Особенностью эпилептического мышления является его эгоцентричность, которая присуща и личностным, характерологическим изменениям больных эпилепсией. Эгоцентрическими личностными установками объясняется и отмечающееся у больных эпилепсией резонерство. Оно существенно отличается от резонерства, наблюдающегося при других психических заболеваниях, в первую очередь от шизофренического. Резонерствующий эпилептик, по выражению С. А. Суханова (1912), «любит делать наставления, поучать, становясь иной раз в роль неприятного, узкого моралиста». Резонерство больных эпилепсией носит характер своеобразного компенсаторного рассуждательства. Его особенности проявляются в поучительном, типа сентенций, тоне высказываний, отражающих некоторую их патетичность и переоценку собственного жизненного опыта.
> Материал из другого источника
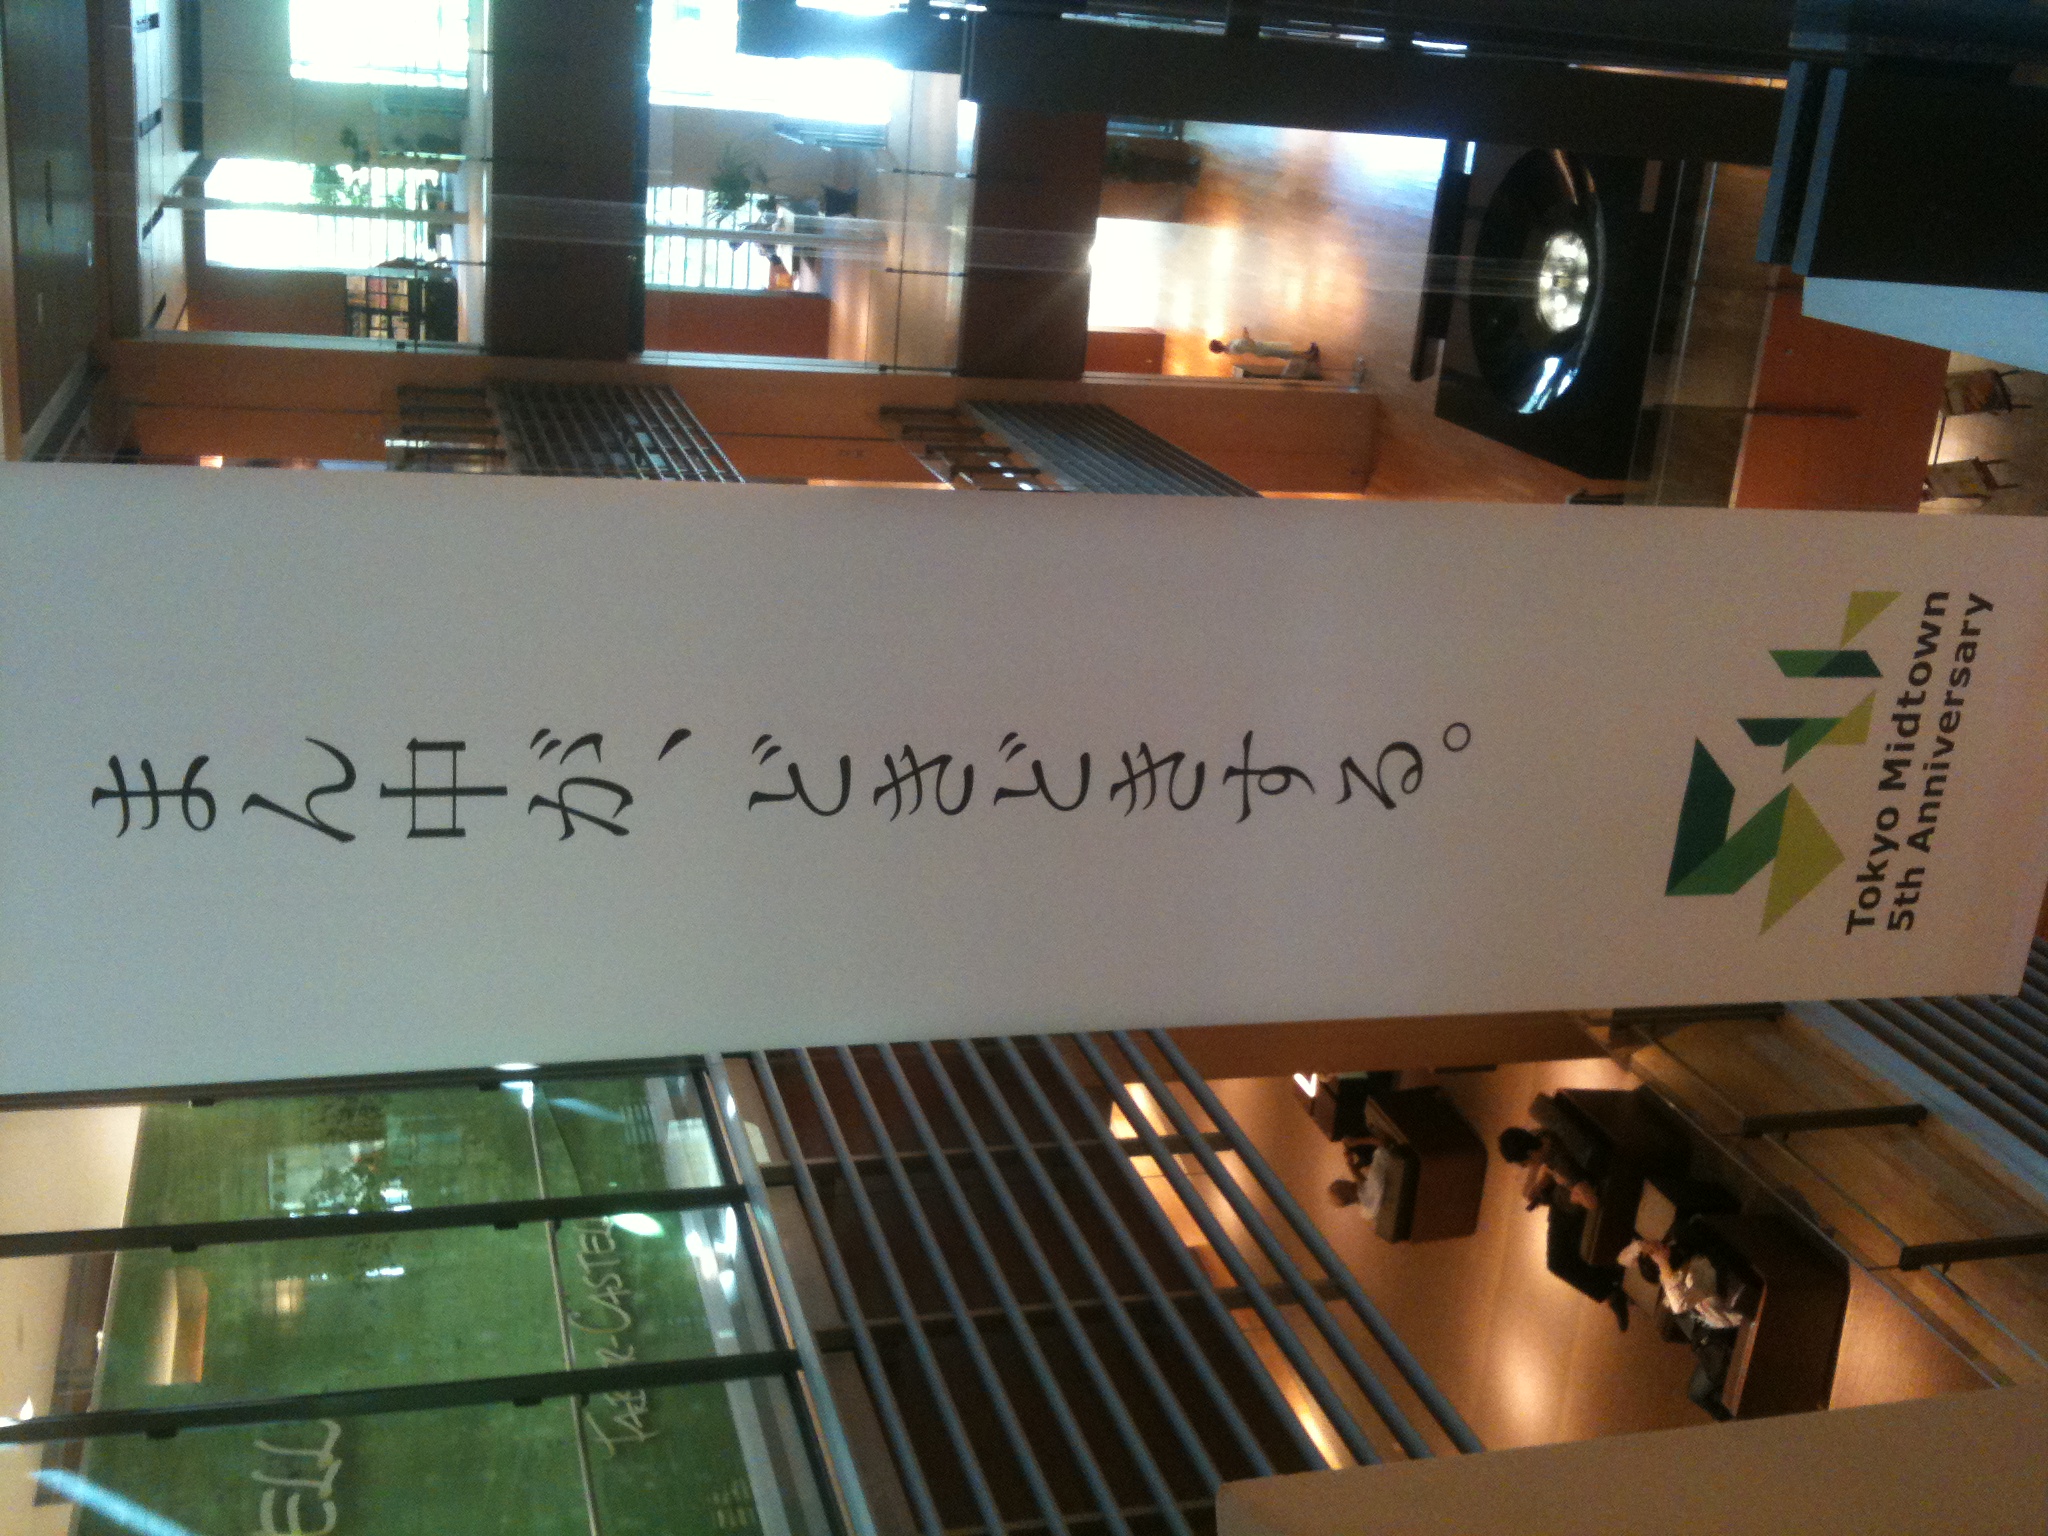 a sign in an atrium with japanese writing

Это неглубокие, поверхностные, бедные по содержанию высказывания, включающие банальные ассоциации. Резонерские рассуждения больных эпилепсией всегда приурочены к конкретной ситуации, от которой им трудно отвлечься.

В отличие от шизофренического резонерства, всегда обнаруживающегося на фоне «холодного» аффекта, эпилептическое характеризуется наличием насыщенного эгоцентрического аффекта, самодовольством, недостаточной критичностью.

У резонерствующих эпилептиков в патопсихологическом эксперименте отмечаются снижение уровня обобщения, узость диапазона мышления, эгоцентрические тенденции при бедности словарного запаса. Последнее обстоятельство придает своеобразный колорит эпилептическому резонерству, в котором сочетаются поучительность суждений с олигофазией. Если при шизофрении в резонерстве выявляются актуализация латентных признаков, своеобразное нарушение ассоциативных процессов, разрушение формирующихся в течение жизни психических стереотипов, то при эпилепсии наблюдаются инертность мышления, актуализация малосущественных конкретных признаков, непреодолимые шаблоны в мышлении. При шизофреническом резонерстве отмечается расширение круга используемых в мышлении информативных признаков, при этом уравниваются значимые и латентные, стандартные и нестандартные. При эпилептическом резонерстве сужается диапазон информативных признаков за с i., r уменьшения удельного веса абстрактных и не лежащих на поверхности латентных признаков. Эпилептическое резонерство обнаруживается клинически и в патопсихологическом эксперименте, где особенно легко создается ситуация, предрасполагающая к его выявлению. В первую очередь такой экспериментальной ситуацией являются методики, инструкция к которым способствует актуализации категории личностного смысла. Нередко мы наблюдали тенденции к резонерству при показе больным эпилепсией юмористических рисунков. При этом они не понимали юмора, интерпретировали сюжет рисунка с привлечением собственного жизненного опыта и своих сложившихся непреодолимо инертных представлений, обязательно морализируя по поводу неправильного, с их точки зрения, поведения персонажей рисунка и подчеркивая свое превосходство над ними. Нарушение чувства юмора у больных эпилепсией отражает степень интеллектуального снижения и не зависит, как это бывает при шизофрении (А. С. Познанский, В. В. Дезорцев, 1970), от затухания его эмоционального компонента.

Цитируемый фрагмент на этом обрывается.